Solve the six major pain points to promote better use of generative AI by enterprises, Amazon Cloud Technology Gu Fan interviewed and shared available solutions

 Gu Fan, General Manager of the Strategic Business Development Department of Amazon Cloud Technology Greater China, said in an exclusive interview with a reporter from the 21st Century Business Herald that generative artificial intelligence will bring opportunities to companies from four aspects: the first is to create a new customer experience; The second is to improve the productivity of employees within the enterprise; the third is to help enterprises improve the efficiency of business operations; the fourth is to improve the efficiency of enterprises in content creation. It can be seen that generative artificial intelligence will reshape every industry and change the rules of the game in all walks of life.

 At the same time, Gu Fan, general manager of the strategic business development department of Amazon Cloud Technology Greater China, also said that enterprises must solve several pain points if they want to use generative AI: first, find a suitable business scenario; Select and use the basic model; the third is how to "easily" tune the model on the premise of protecting the security of private data; the fourth is how to lower the threshold so that more people have the ability to develop generative AI applications; The fifth is ultra-large-scale and cost-effective computing resources, especially considering the cost of future application reasoning; the last is to solve the challenge of talent shortage.

 Since entering China in 2013, Amazon Cloud Technology has continued to increase its investment in China. In 2013, Amazon Cloud Technology launched a limited preview of the China region, and then successively released the Amazon Cloud Technology China (Beijing) region operated by Sinnet, the Amazon Cloud Technology China (Ningxia) region operated by NWCD, and the Amazon Cloud Technology China (Ningxia) region. Asia Pacific (Hong Kong) Region. Amazon Cloud Technology already has thousands of partners in China, supported more than 10,000 local start-ups, and provided cloud computing-related skills training for more than 1 million people. Two renewable energy projects backed by Amazon in China, including a solar project in Shandong and a wind project in Jilin, have officially come into operation.

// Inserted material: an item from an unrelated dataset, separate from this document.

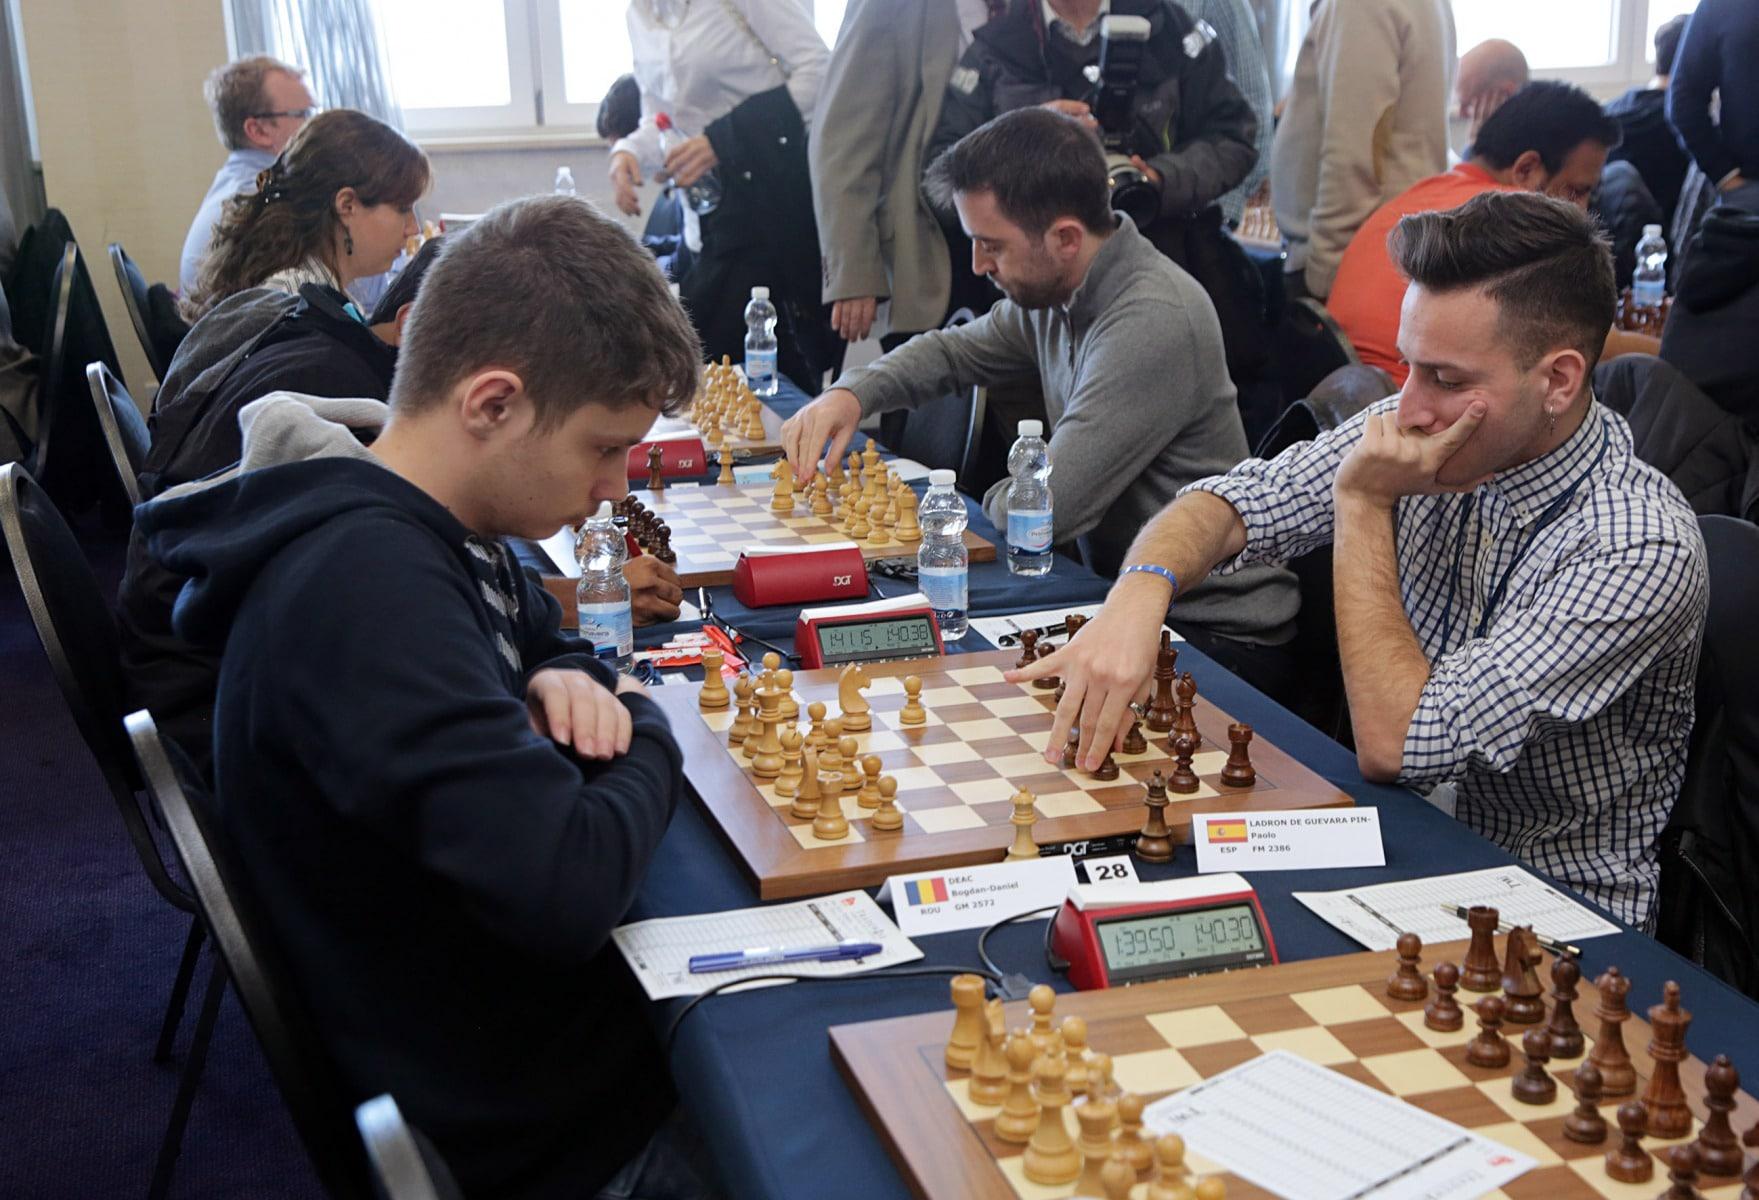 27-ene-17-fabin-picardo-visita-el-open-de-gibraltar-de-ajedrez-14_32513494886_o
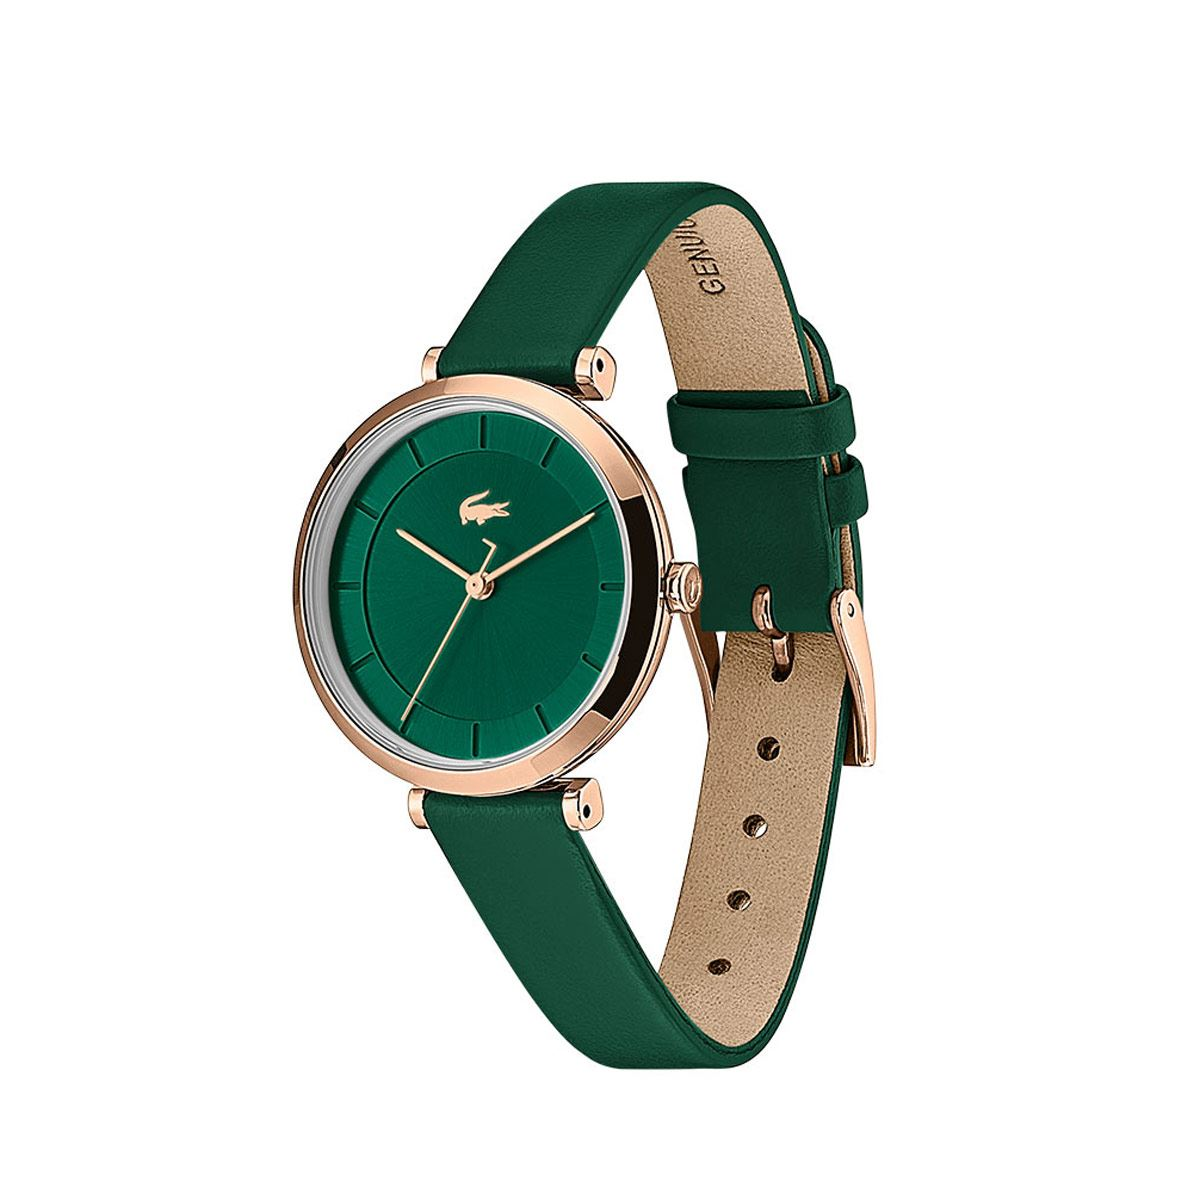 Reloj Lacoste 2001138 Verde

 Generative AI will bring four opportunities for enterprises

 21st century: From the perspective of cloud computing, what opportunities will generative artificial intelligence bring to enterprises, and what challenges currently exist? How will Amazon cloud technology maintain its competitive advantage?

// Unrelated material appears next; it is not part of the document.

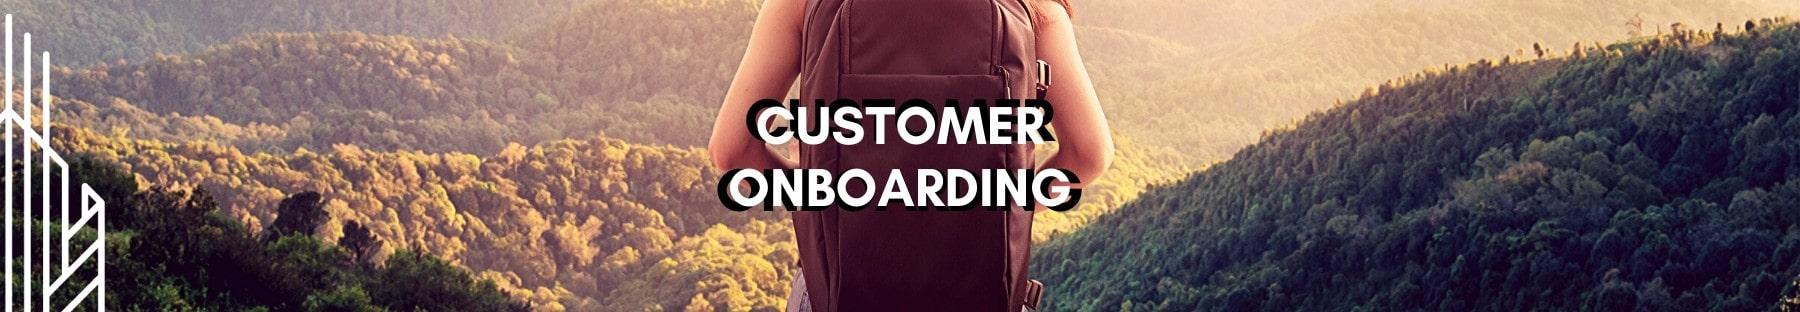 Customer Onboarding 1
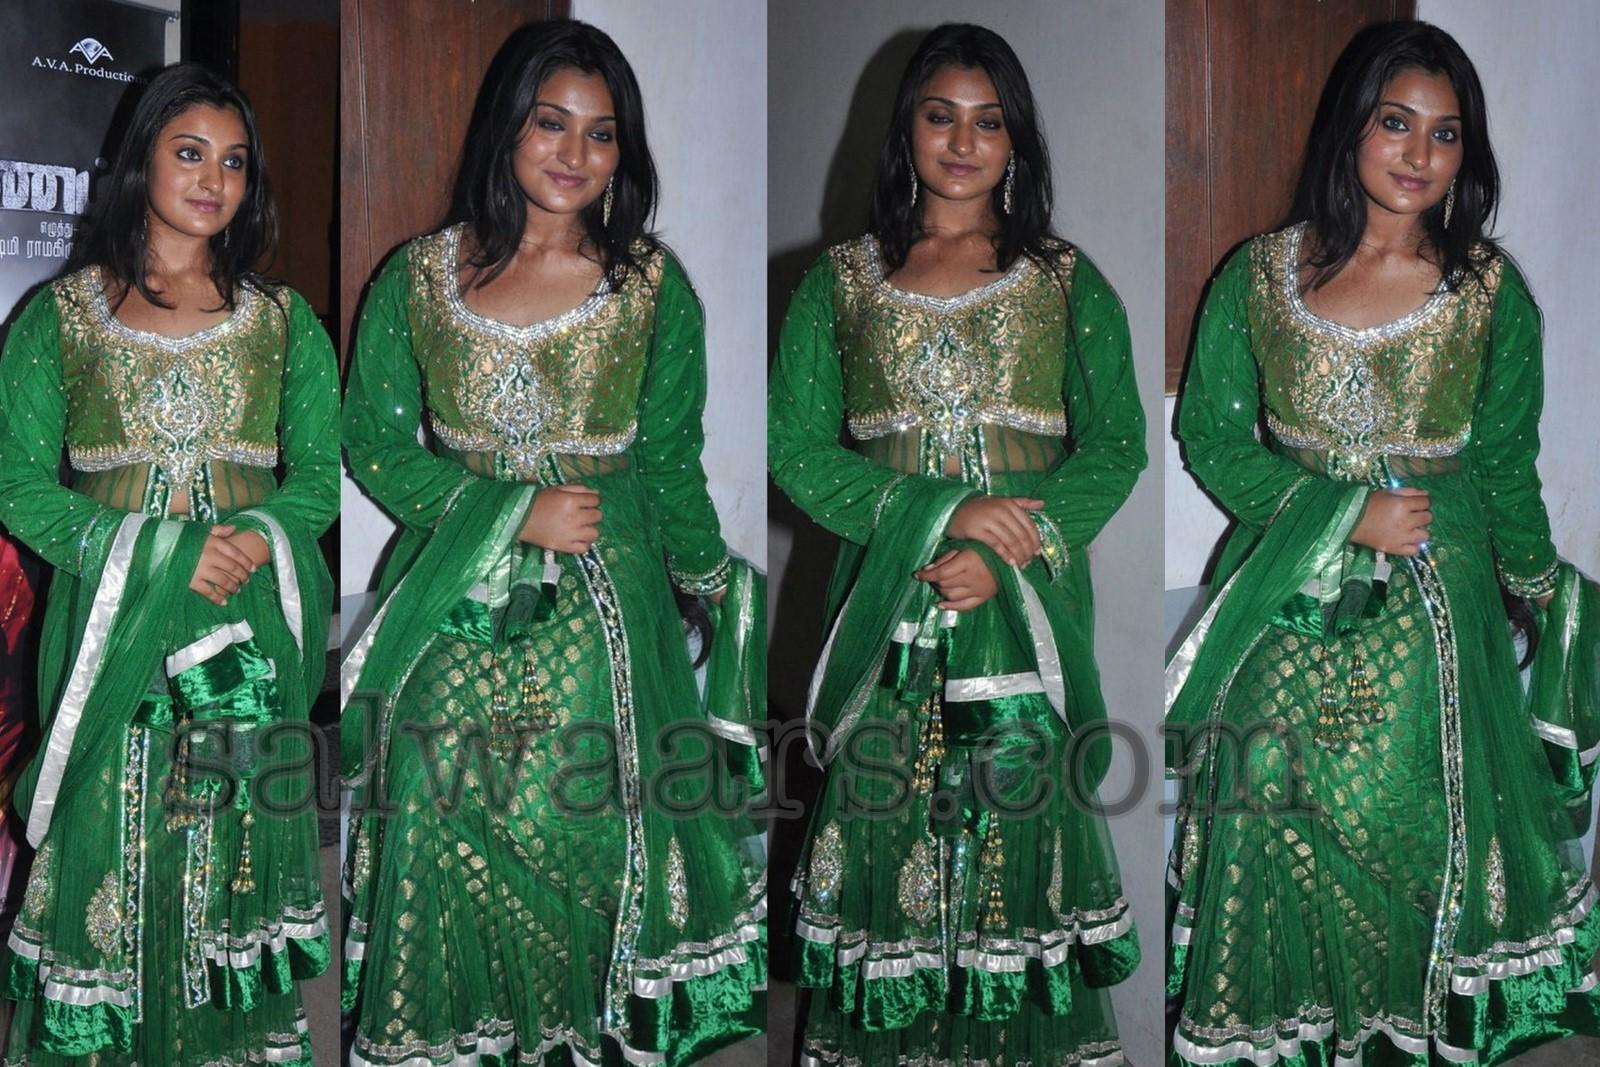 http://3.bp.blogspot.com/-iZH0e7C8nNU/T-IixcNt3QI/AAAAAAAAs1Y/aq7rmJ6pkbo/s1600/Green_Banaras_Long_Dress.jpg

 Gu Fan: We see that this technology brings opportunities to enterprises mainly from four aspects. The first is to create a new customer experience, such as chatbots, virtual assistants, personalized recommendations, etc.; the second is to improve the productivity of internal employees, such as meeting minutes and code creation based on generative artificial intelligence; the third is to help Enterprises improve business operation efficiency, such as manufacturing enterprises using predictive maintenance and quality control based on generative artificial intelligence to increase production capacity, etc.; the fourth is to improve the efficiency of enterprises in content creation, such as automatically improving the quality of pictures and videos, creating music Etc., making it easier to turn ideas into reality. It can be said that generative artificial intelligence will reshape every industry and change the rules of the game in all walks of life.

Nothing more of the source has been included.